• **What is needed**
The reply should reproduce every line of the data below word for word, minus any images.

• **Data shown**
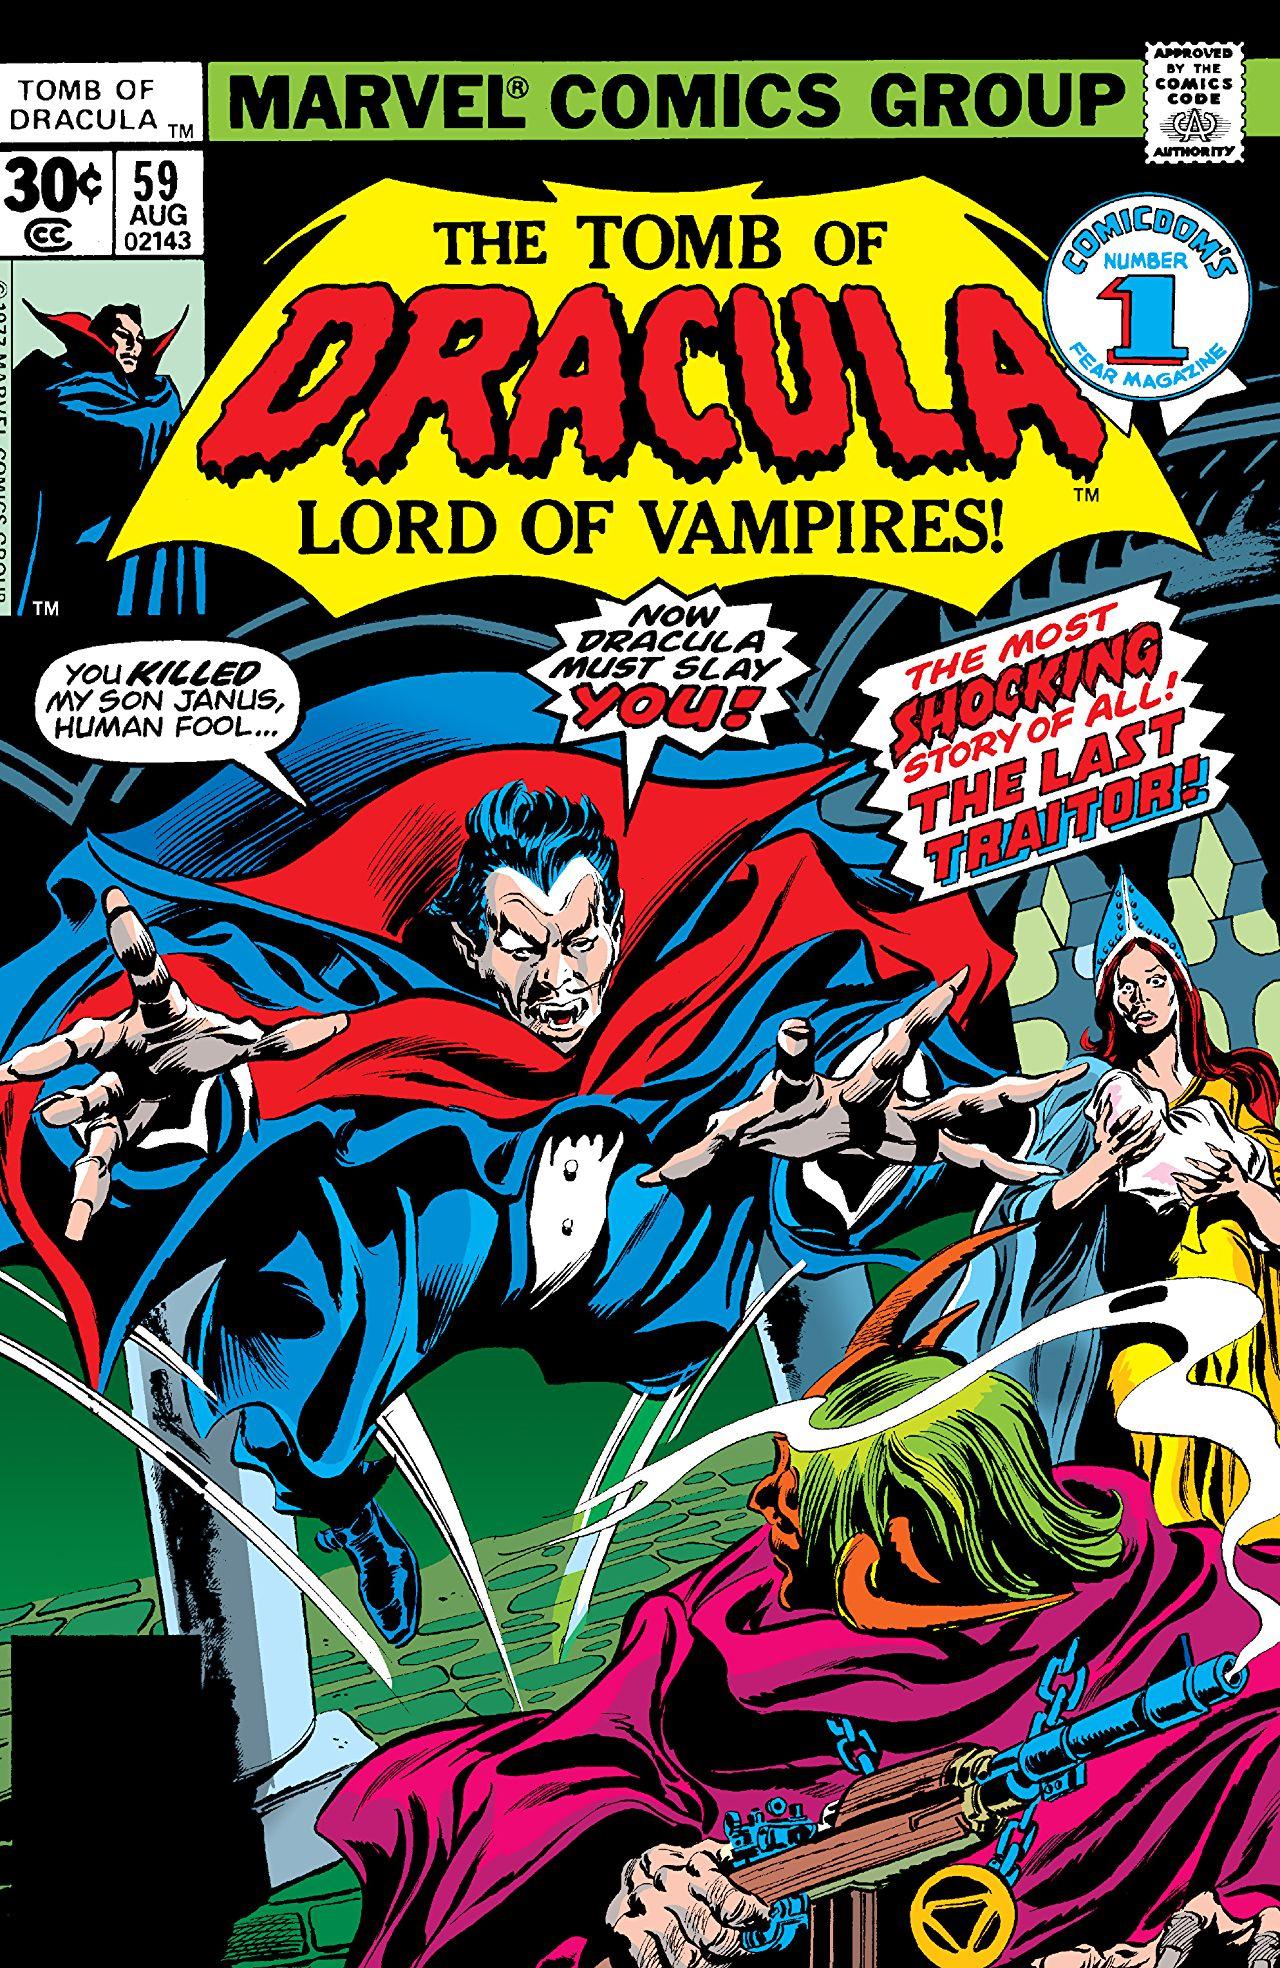 Tomb of Dracula 59
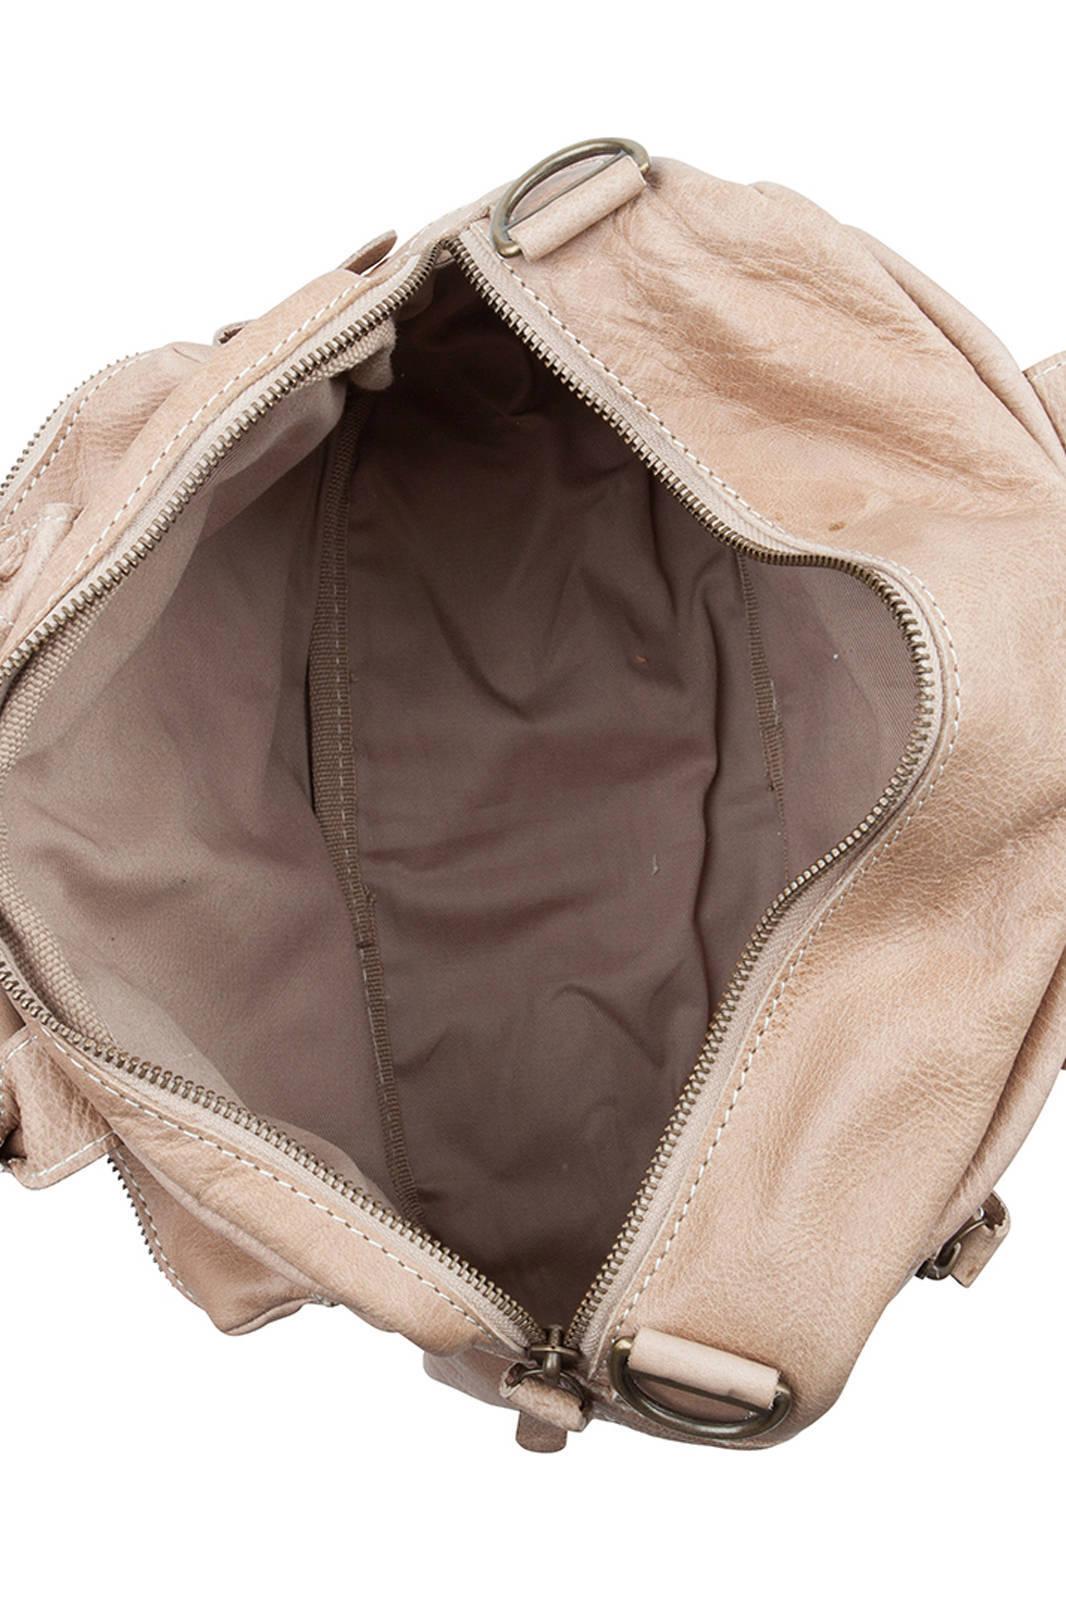 58fe64cdd95 Cowboysbag leren tas The Little Bag   wehkamp
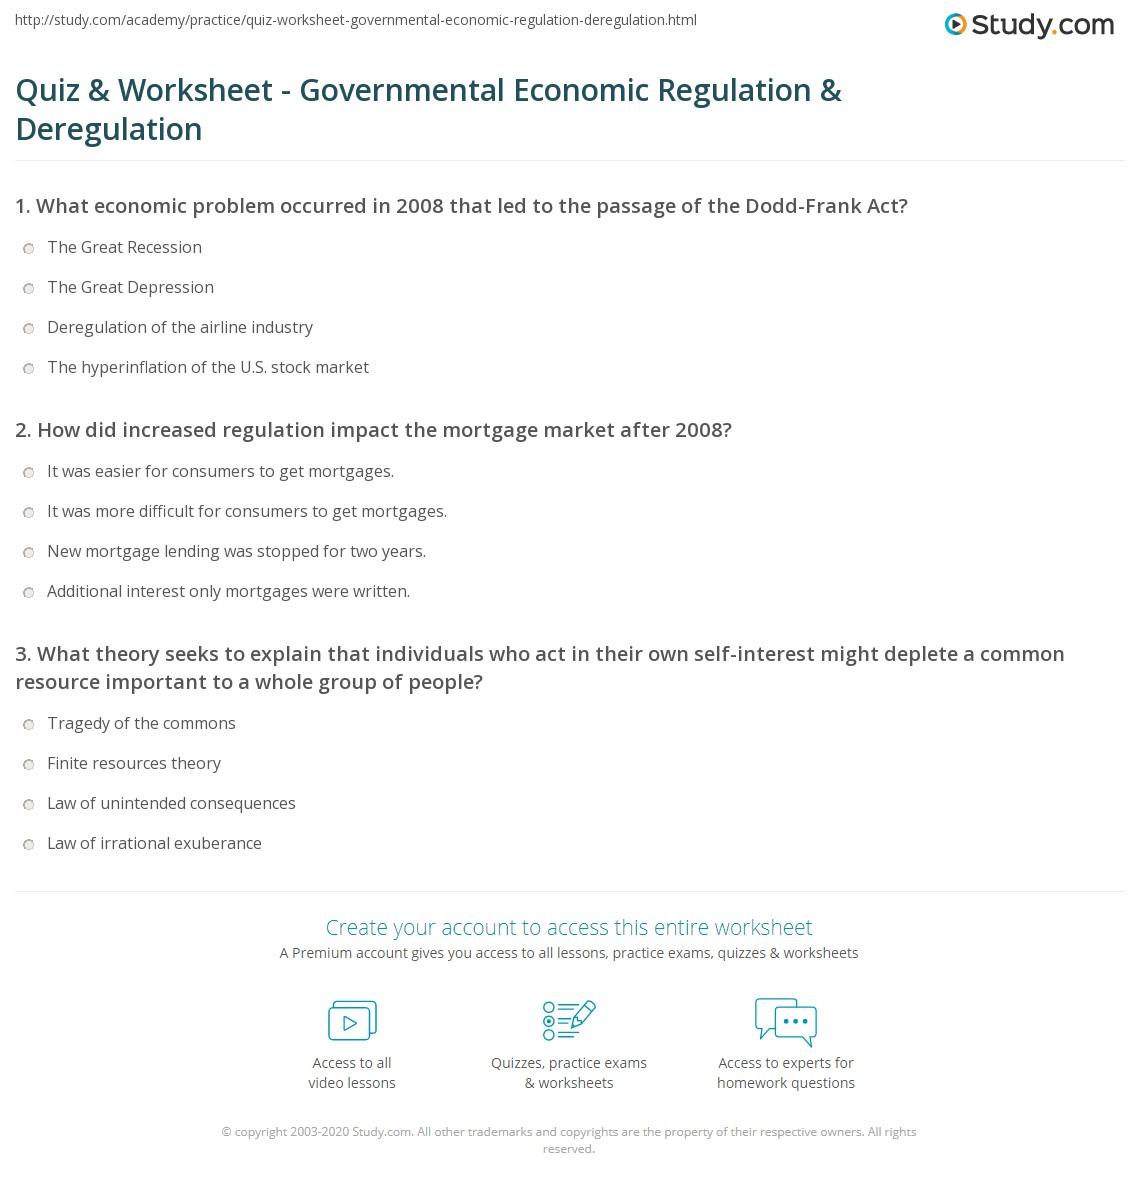 Quiz Worksheet Governmental Economic Regulation Deregulation Study Com
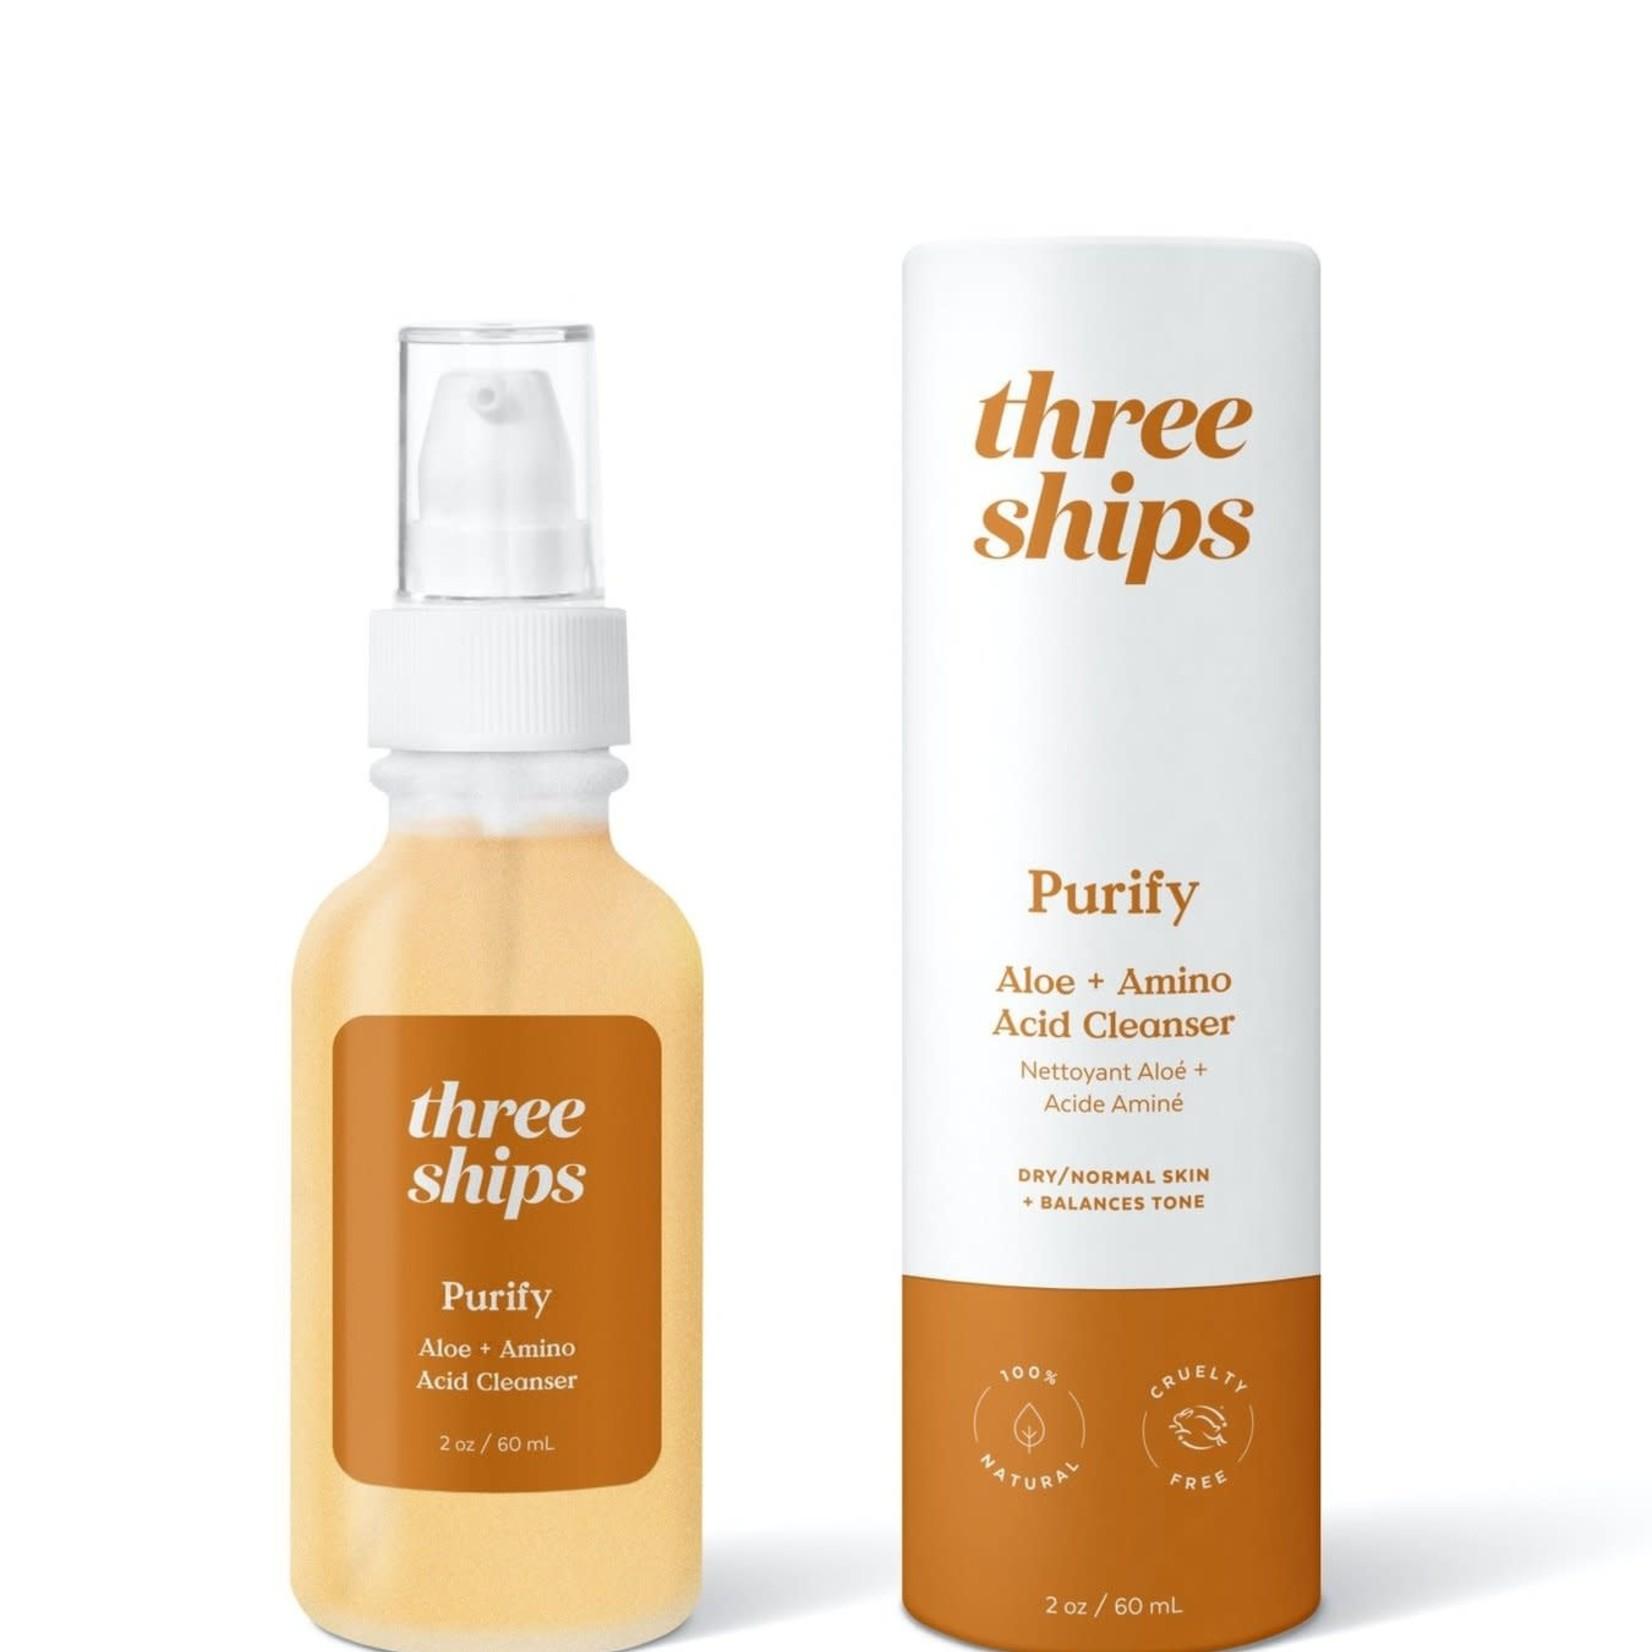 Three ships PURIFY NETTOYANT ALOÈS + ACIDE AMINÉ

• **Reply**
 Tomb of Dracula 59
 58fe64cdd95 Cowboysbag leren tas The Little Bag   wehkamp
 Quiz Worksheet Governmental Economic Regulation Deregulation Study Com
 Three ships PURIFY NETTOYANT ALOÈS + ACIDE AMINÉ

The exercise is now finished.